• [Assignment]: Copy, from the entries below, each line in which the string "Images" appears.

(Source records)
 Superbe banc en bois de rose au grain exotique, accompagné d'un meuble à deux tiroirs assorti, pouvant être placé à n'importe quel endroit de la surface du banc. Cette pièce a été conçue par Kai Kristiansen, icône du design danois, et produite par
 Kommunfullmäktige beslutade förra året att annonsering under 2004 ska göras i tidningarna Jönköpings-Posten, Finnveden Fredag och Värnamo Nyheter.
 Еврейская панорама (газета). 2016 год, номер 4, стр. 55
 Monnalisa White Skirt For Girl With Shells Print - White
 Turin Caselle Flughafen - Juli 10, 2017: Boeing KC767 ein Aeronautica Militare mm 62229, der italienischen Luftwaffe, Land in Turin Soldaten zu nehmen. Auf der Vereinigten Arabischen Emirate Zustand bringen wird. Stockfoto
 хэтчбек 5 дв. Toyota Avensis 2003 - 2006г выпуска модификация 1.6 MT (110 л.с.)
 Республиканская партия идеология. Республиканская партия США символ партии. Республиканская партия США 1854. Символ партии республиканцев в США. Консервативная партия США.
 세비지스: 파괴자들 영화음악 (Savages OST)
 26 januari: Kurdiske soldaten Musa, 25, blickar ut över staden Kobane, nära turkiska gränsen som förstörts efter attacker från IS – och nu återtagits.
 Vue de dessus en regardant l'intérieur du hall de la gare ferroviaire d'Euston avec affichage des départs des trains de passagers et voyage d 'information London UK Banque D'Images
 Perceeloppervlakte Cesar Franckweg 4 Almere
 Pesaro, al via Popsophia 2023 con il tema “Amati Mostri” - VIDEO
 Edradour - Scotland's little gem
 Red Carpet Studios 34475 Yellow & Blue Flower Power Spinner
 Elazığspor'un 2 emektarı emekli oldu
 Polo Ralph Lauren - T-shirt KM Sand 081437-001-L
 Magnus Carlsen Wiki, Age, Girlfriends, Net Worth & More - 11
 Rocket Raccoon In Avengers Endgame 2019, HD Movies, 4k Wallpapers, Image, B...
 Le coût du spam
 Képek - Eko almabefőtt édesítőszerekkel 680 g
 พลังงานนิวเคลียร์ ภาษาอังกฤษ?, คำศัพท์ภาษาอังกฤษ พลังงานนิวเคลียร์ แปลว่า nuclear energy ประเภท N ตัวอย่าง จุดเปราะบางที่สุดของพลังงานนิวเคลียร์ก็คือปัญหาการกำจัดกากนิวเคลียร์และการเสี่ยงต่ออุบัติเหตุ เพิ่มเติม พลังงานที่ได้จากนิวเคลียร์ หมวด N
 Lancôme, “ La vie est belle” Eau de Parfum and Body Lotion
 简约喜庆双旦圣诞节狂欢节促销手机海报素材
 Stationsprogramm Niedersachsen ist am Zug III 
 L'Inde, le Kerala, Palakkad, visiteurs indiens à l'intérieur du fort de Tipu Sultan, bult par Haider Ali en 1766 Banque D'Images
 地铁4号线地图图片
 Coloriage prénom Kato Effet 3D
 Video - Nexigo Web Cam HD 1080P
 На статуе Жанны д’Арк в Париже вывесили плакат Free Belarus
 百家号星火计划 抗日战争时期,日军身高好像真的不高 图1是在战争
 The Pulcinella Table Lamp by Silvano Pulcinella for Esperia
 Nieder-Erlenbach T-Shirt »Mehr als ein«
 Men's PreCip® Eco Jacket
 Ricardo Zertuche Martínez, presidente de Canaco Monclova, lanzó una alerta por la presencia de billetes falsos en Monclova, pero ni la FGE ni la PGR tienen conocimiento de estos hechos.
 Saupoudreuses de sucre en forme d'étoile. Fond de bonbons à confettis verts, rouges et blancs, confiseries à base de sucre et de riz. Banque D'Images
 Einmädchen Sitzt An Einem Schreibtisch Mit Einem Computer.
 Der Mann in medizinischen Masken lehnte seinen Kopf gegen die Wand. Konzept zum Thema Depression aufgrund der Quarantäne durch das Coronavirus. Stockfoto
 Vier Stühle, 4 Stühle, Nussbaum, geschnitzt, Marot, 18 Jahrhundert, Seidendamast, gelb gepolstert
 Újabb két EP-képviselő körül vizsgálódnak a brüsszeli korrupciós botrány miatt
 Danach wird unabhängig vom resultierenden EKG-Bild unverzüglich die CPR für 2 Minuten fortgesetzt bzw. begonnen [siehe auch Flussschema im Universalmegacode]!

• [Task result]:
 Vue de dessus en regardant l'intérieur du hall de la gare ferroviaire d'Euston avec affichage des départs des trains de passagers et voyage d 'information London UK Banque D'Images
 L'Inde, le Kerala, Palakkad, visiteurs indiens à l'intérieur du fort de Tipu Sultan, bult par Haider Ali en 1766 Banque D'Images
 Saupoudreuses de sucre en forme d'étoile. Fond de bonbons à confettis verts, rouges et blancs, confiseries à base de sucre et de riz. Banque D'Images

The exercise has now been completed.